July 24, 2024

Gitlab trigger pipeline in another repository (for easy deployment)

Ever needed to employ a pipeline which is located in a different repo? With Gitlab it’s possible to run this scenario! Let’s dive into it and see how to get the configuration done.

Background

You might certainly want to achieve this trigger when you have a clear separation between development and production environments as well as the roles in the team. Infrastructure and deployment code is a DevOps task which most likely will be committed to another repository different than the main application’s source code. Having this separation will ensure that all involved people will have the corresponding repo access according to their role:

  • Main app developers will have read-write access to the main source code, but only read on the deployment repo
  • DevOps will not necessarily need write access to the main repo, but will need access to maintain the deployment repository

How it works

I’m going to explain a bit about the application development process design in general in order to understand a scenario where triggering a pipeline in another repo might be useful. Different companies may have different approaches, ranging from monolithic or fancier concoctions depending on use-cases.

This example is a real world scenario and variations of it will be found in any IT project.

In the above diagram, we have 2 actors: the main developers and the DevOps counterpart. Every application development involves a couple of stages before it reaches production.
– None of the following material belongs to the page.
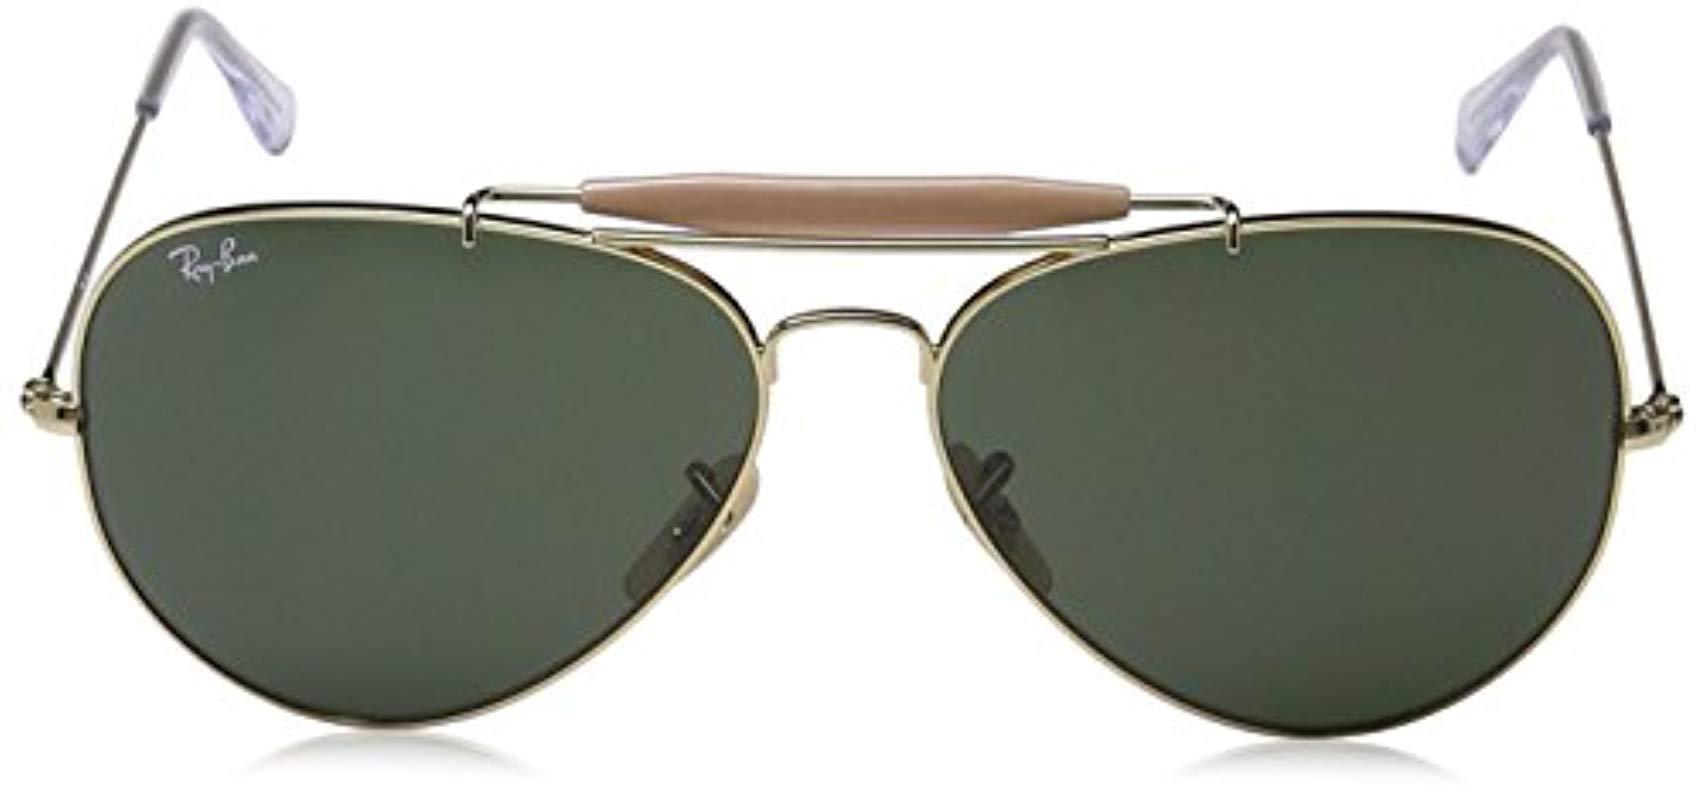 3a7a2d2ff4 Ray-Ban - Outdoorsman Ii - Arista Frame Crystal Green Lenses 62mm Non- polarized. View fullscreen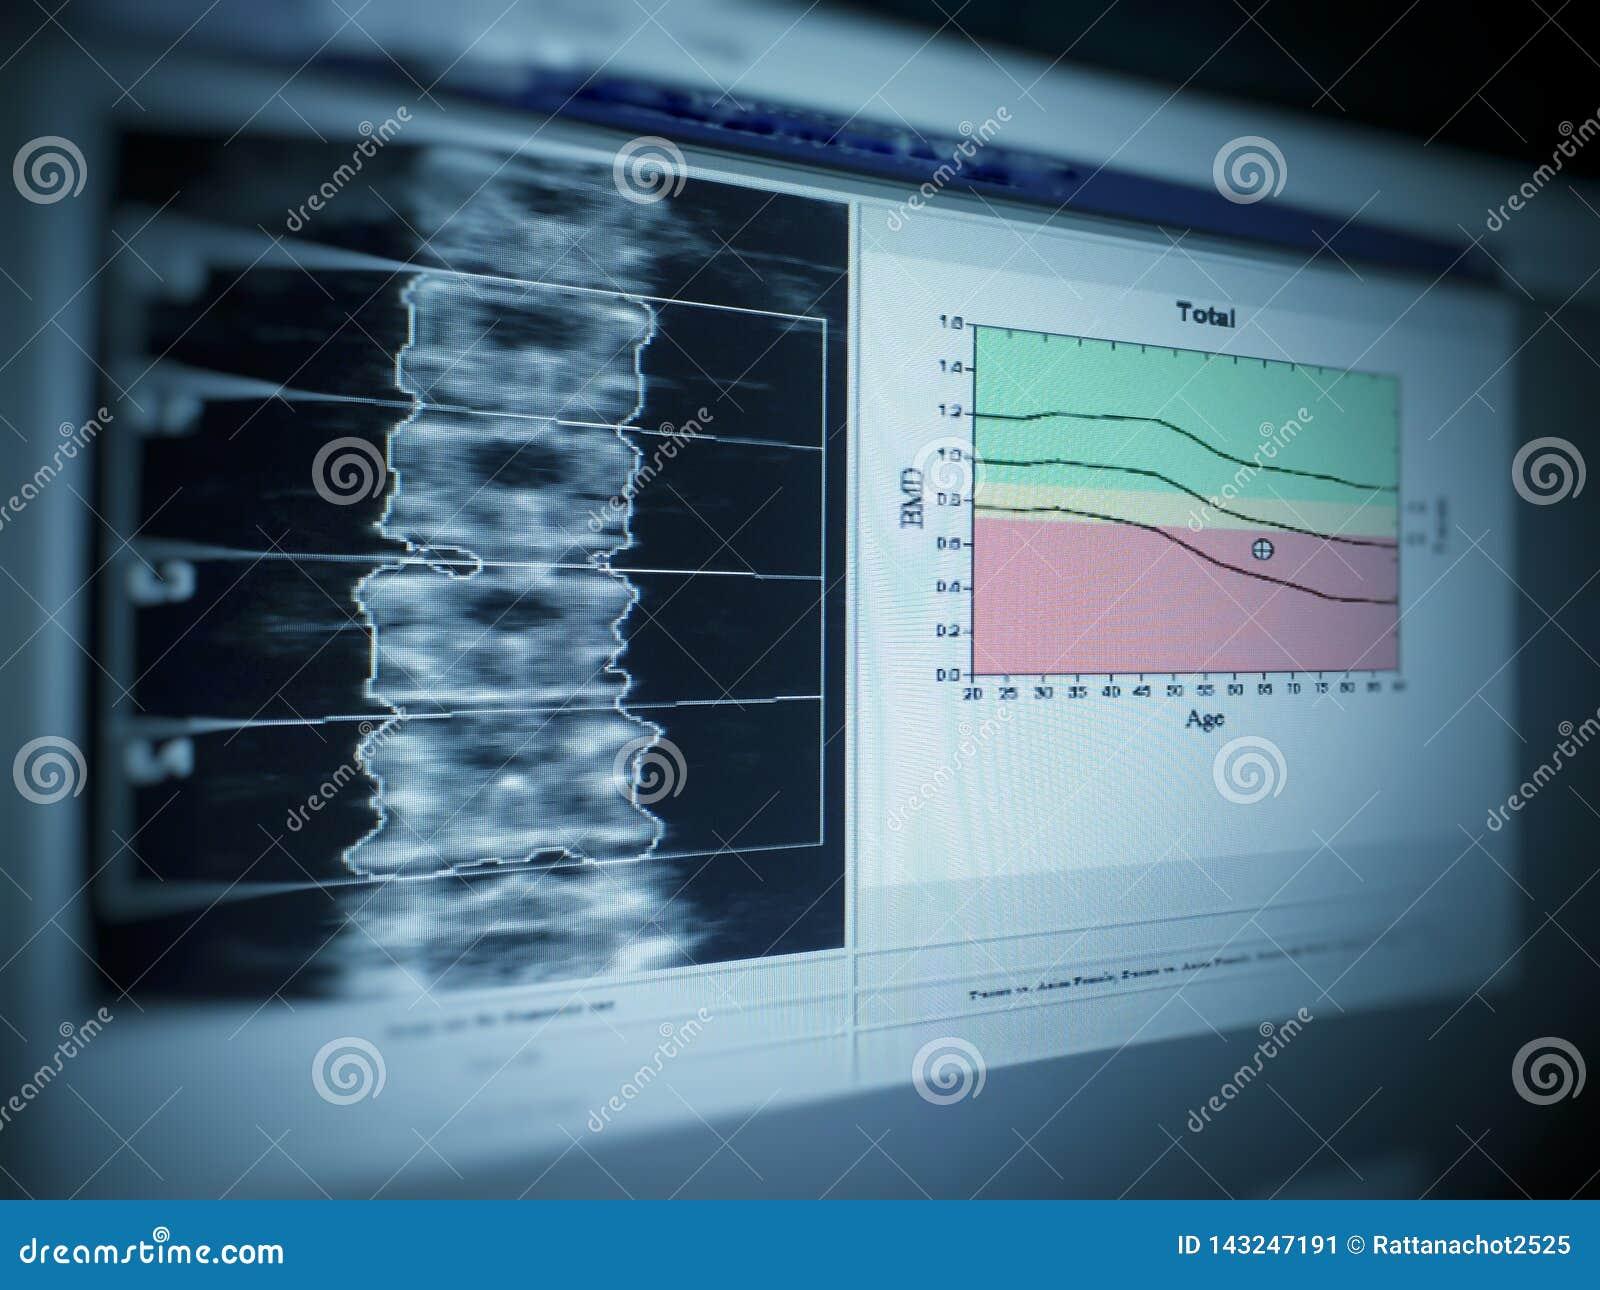 Immagine morbida e confusa: densità ossea lombare di immagine medica speciale dell esame su fondo bianco r

  1. Developers push their code to the “App Code” repository
  2. The pipeline defined there runs and creates an artifact which is pushed to “Build artifacts”. The artifact can be anything such as a zip file, Docker image etc.
  3. Now the DevOps come into action. Their deployment code in their repo will take care of retrieving the artifact, perform any necessary operations or migrations and finally deploy it to the corresponding slot in the “Cloud or premises environment”

Step 3 is as you may notice a manual process. Slight variations to it may be encountered, oftentimes a developer can have access to the deployment code to trigger a deploy for a DEV environment. Higher environments require elevated privileges which DevOps usually have.

Now this is where the purpose of our article comes in. Our mission is to automate at least the part of deploying to DEV environment whenever someone merges to the dev branch in the “App Code”. Deployment to higher environments should be tested, approved and done according to procedures. But as developers, it’s cool to have automated deployments to DEV where we can check our new features. We will automate the process represented by the green arrow in the above diagram.

Where to start

I’m going to use two public repositories in Gitlab, one which existed since writing another Gitlab article and a new one which will contain deployment code:

  1. Node autoincrement (also referred to as parent project)
  2. Node deploy (also referred to as child project)

Feel free to provide feedback and contributions as well, I would be really happy to have input from you!

The config for deploy

Let’s jump into it by first adding the configuration for deployment. This will actually consist of a pipeline step acting as a child for the parent task which will trigger it. The parent task is responsible for supplying the child pipeline with all necessary details such as artifact, version etc.


variables:
  TENAND_ID: 12345
  CLUSTER_NAME: "Our magnificent cluster"
  ENVIRONMENT: DEV

stages:
  - deploy

appDeploy:
  image: node:18.18
  stage: deploy
  variables:
    # These values will be overridden by the parent (calling/triggerer) pipeline
    VERSION: 1.0.0
    PACKAGE: undefined.zip
  script:
    - echo "Preparing to deploy package $PACKAGE version $VERSION"
    # This command is to check the actual context
    - ls
    - sleep 10
    - echo "Deployment to $CLUSTER_NAME ($TENAND_ID) for env $ENVIRONMENT was DONE!"
  rules:
    - if: $CI_PIPELINE_SOURCE == "parent_pipeline"

This is how our .gitlab-deploy.yml file looks like. It can be a stripped version of the main .gitlab-ci.yml. In our case we don’t have any main CI file so we keep the naming like that for simplicity.

Now this file declares some global variables like TENANT_ID or ENVIRONMENT. These need to be accessible by our deploy script. In the appDeploy section we observe the configuration of our task. To run correctly, it will need the VERSION and PACKAGE variables which are to be passed by the parent script. We simulate a deployment and show a confirmation message.

A deployment can be anything from publishing a zip file, calling Portainer to get a new image or Kubectl to modify a pod. It’s up to you to modify according to your use case.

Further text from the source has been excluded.